▸ **REQUIREMENT**: For the entries that follow, retype exactly the lines from the one containing "Business shipping needs" to the one containing "Led Defórmenle lamp", inclusive, and only those. Images stay out of the copy.

▸ **INFORMATION PROVIDED**:
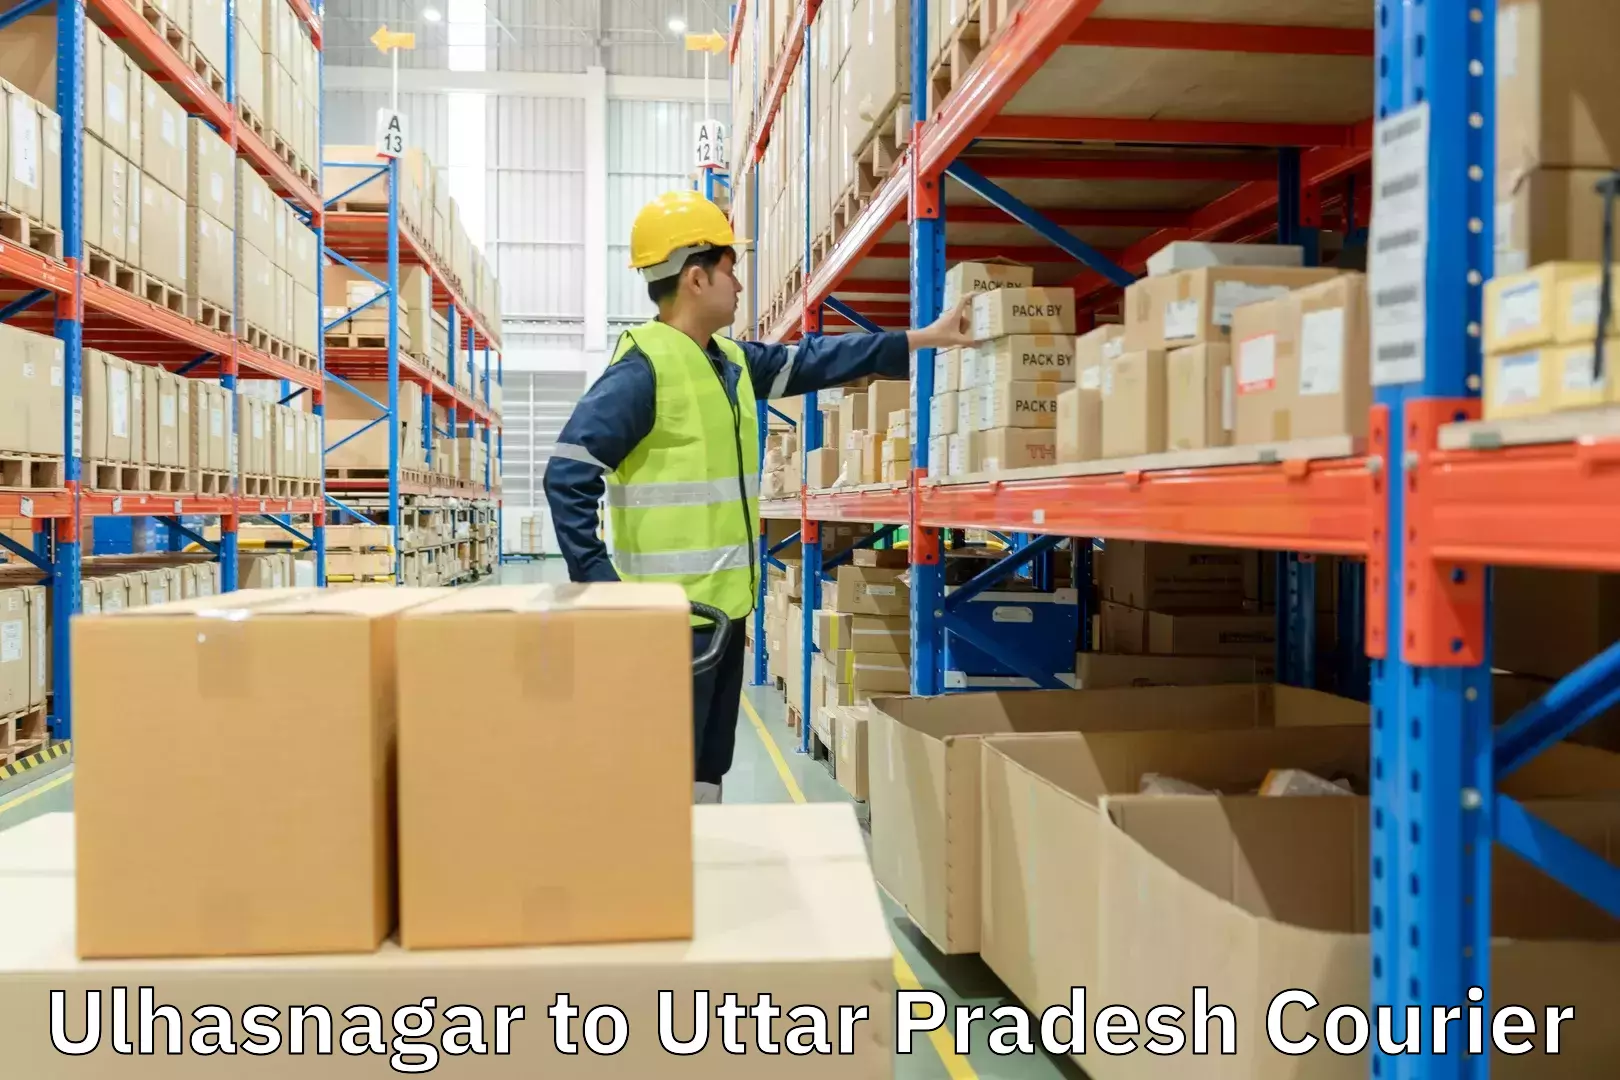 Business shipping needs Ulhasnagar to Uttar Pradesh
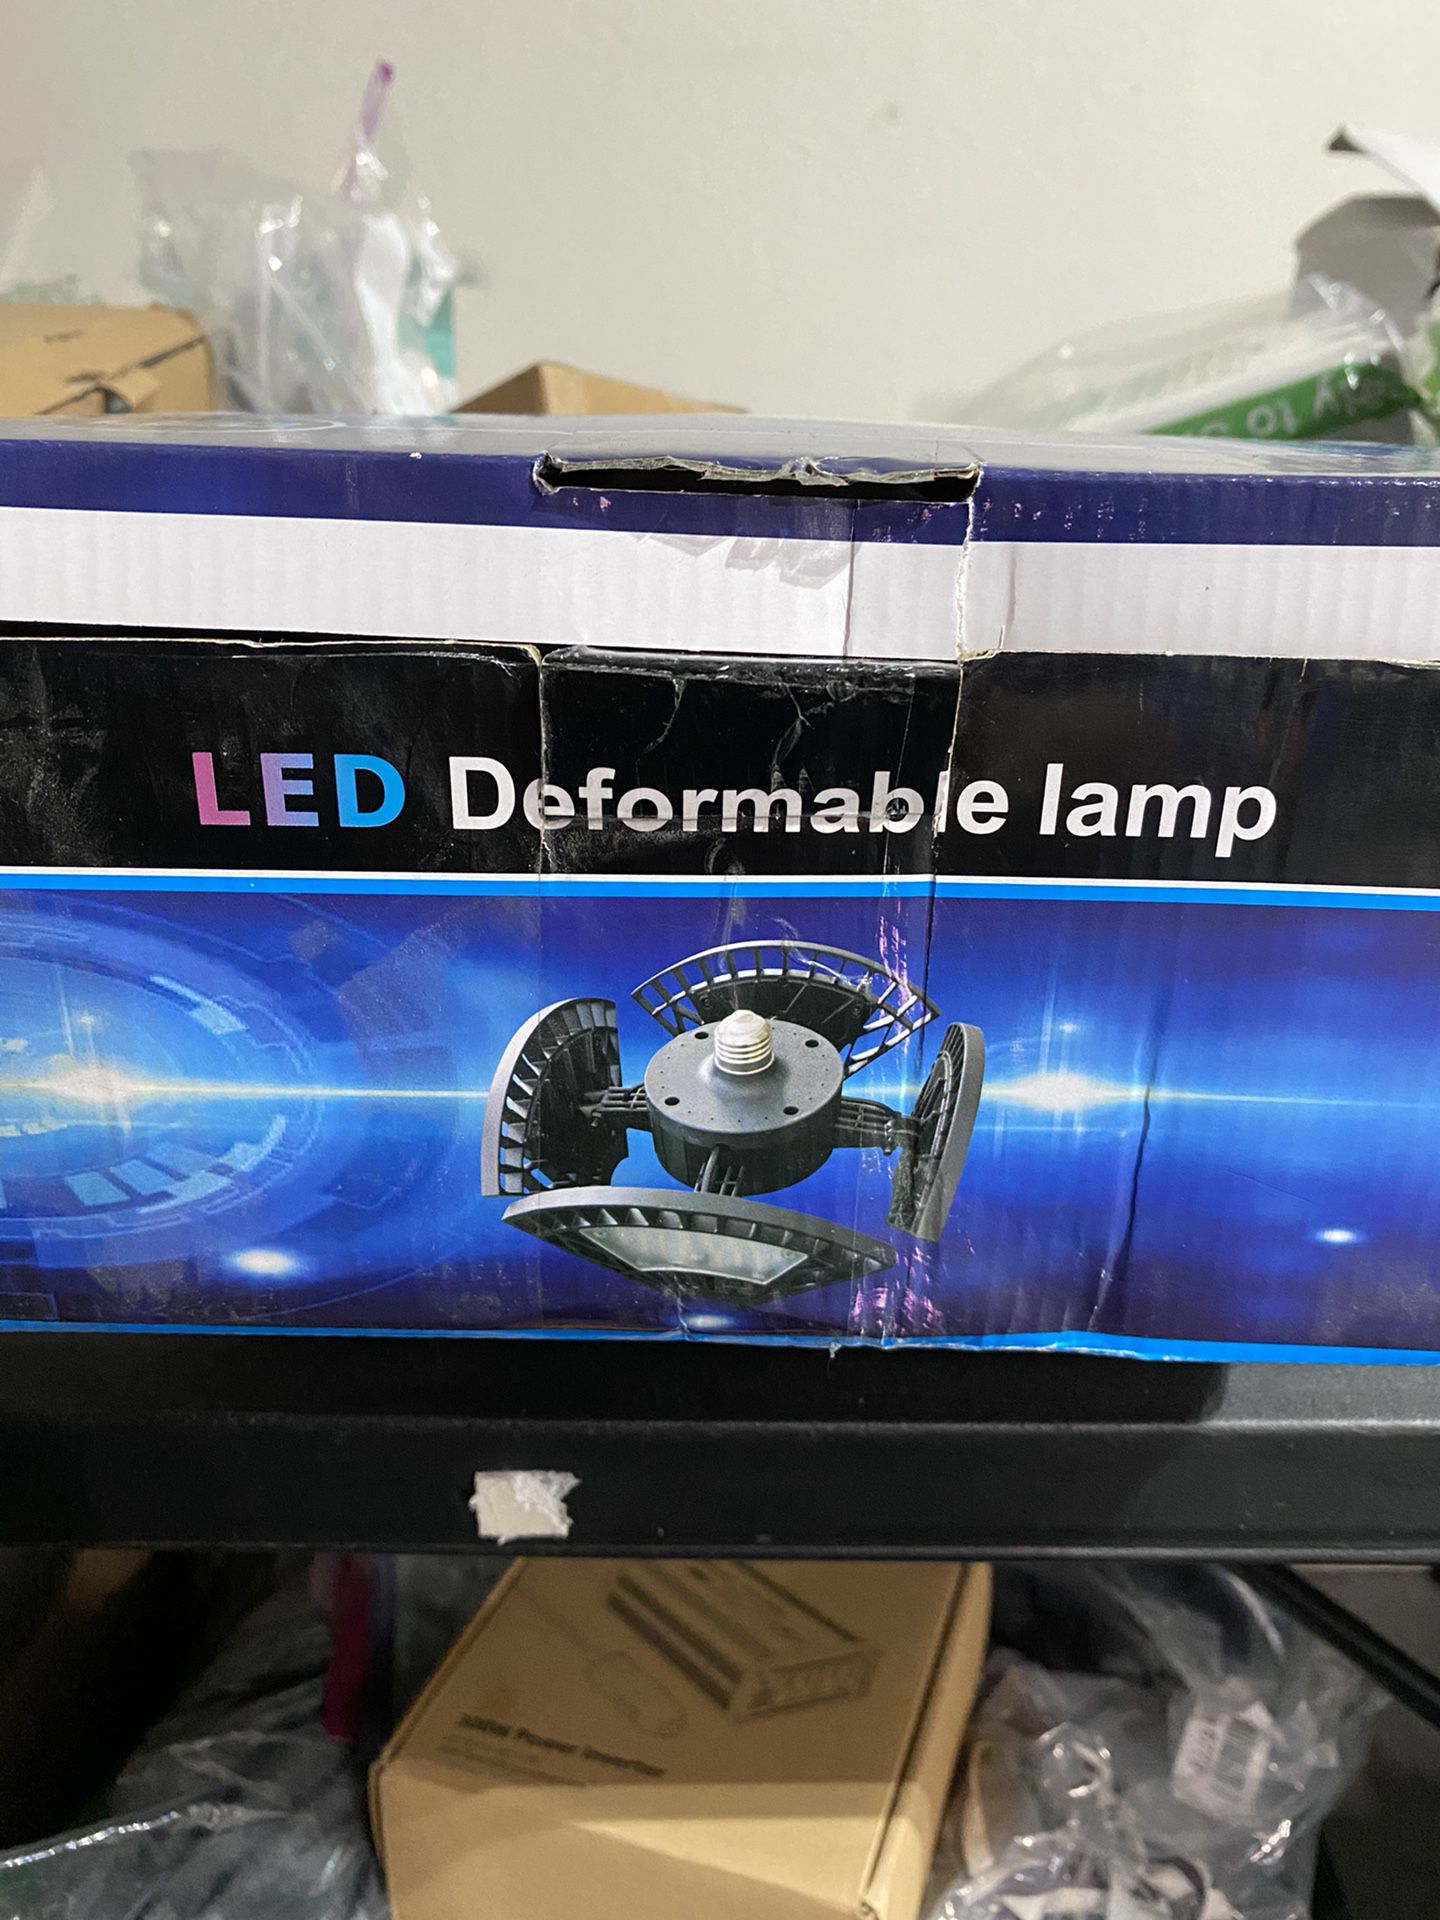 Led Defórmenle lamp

...

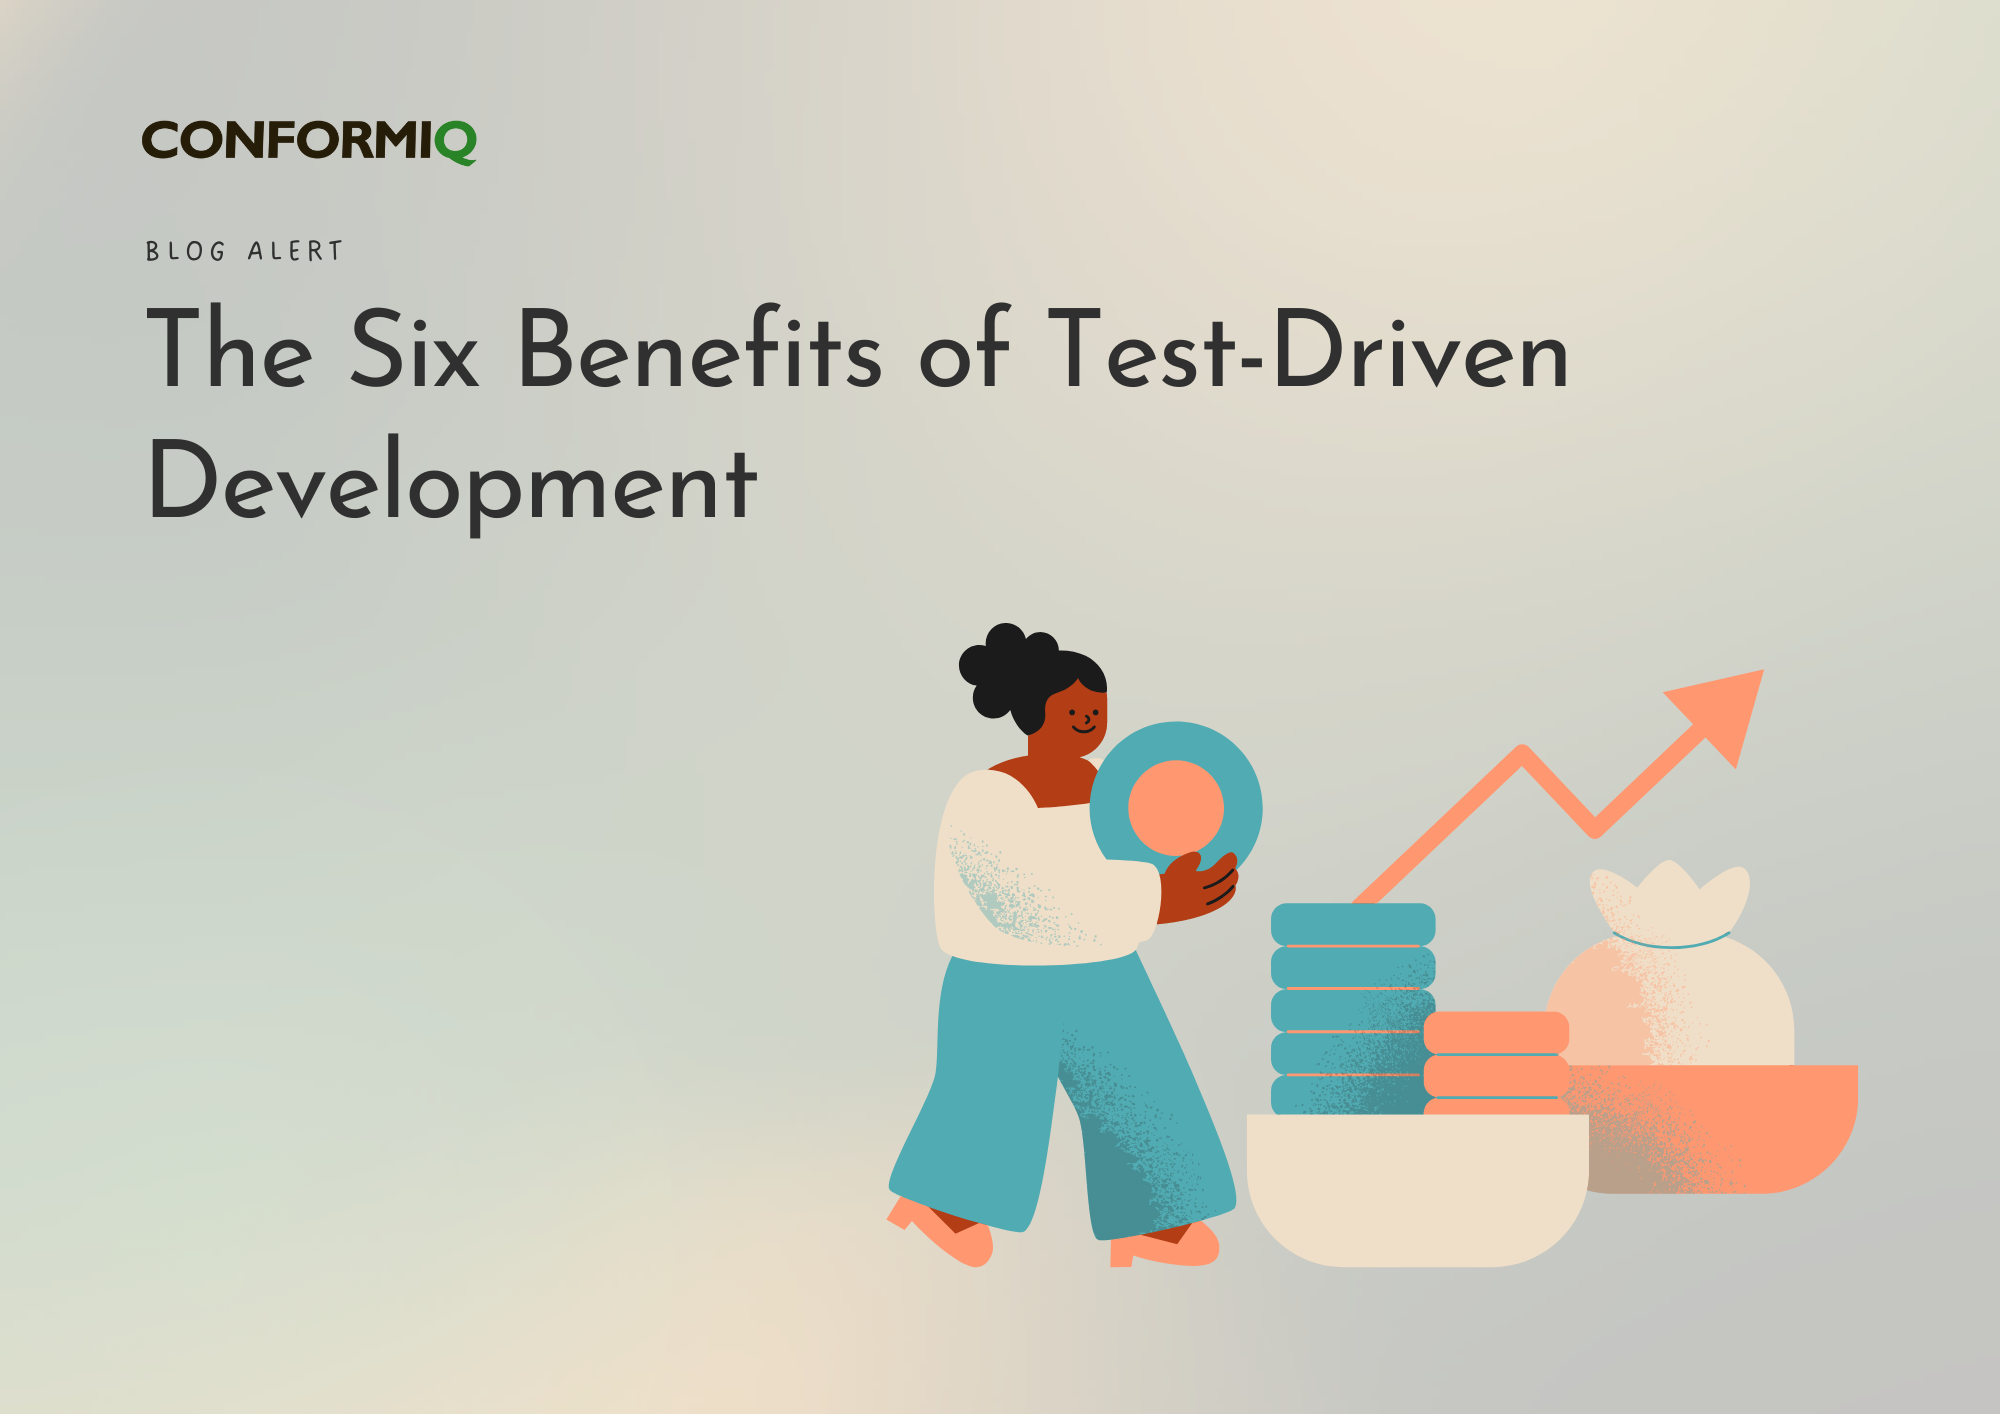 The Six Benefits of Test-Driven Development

---

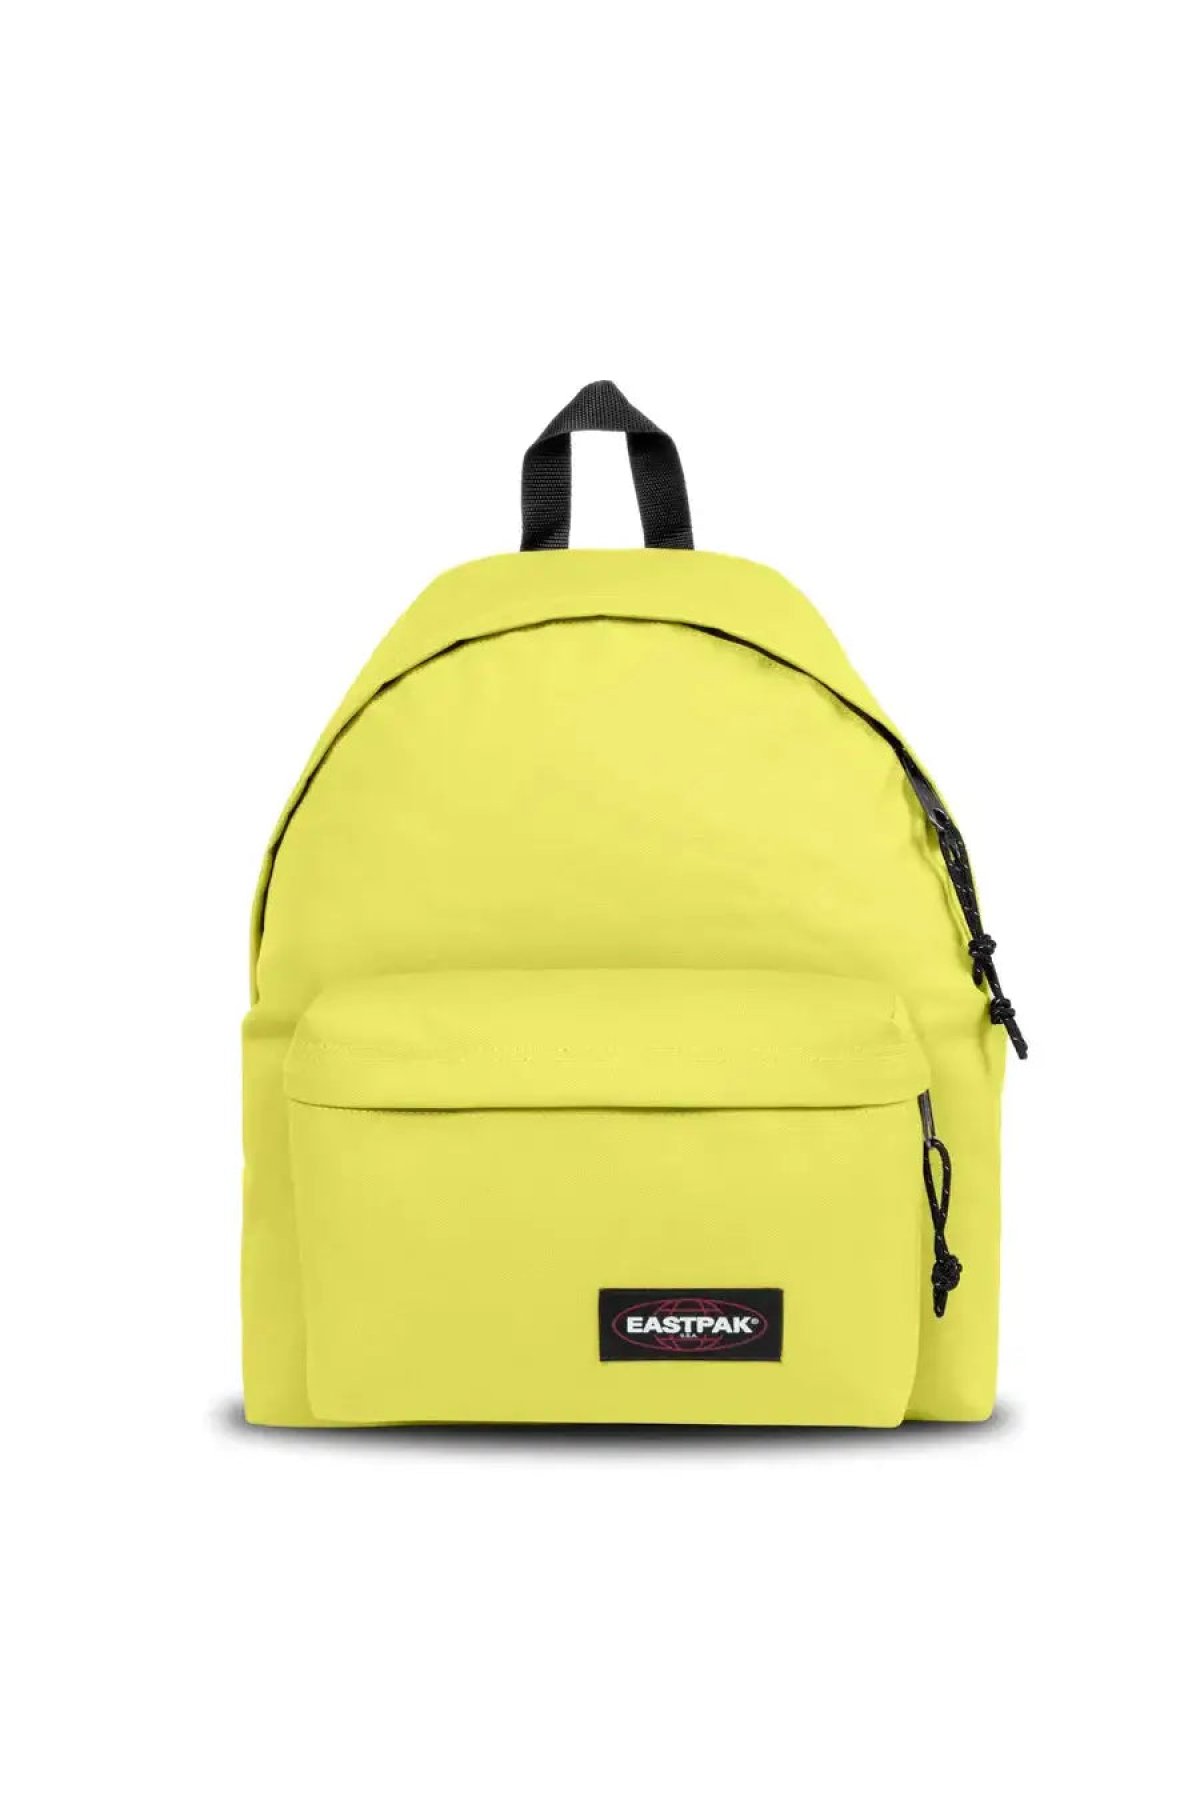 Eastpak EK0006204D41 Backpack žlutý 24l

▸ **SOLUTION TO THIS TASK**:
 Business shipping needs Ulhasnagar to Uttar Pradesh
 Led Defórmenle lamp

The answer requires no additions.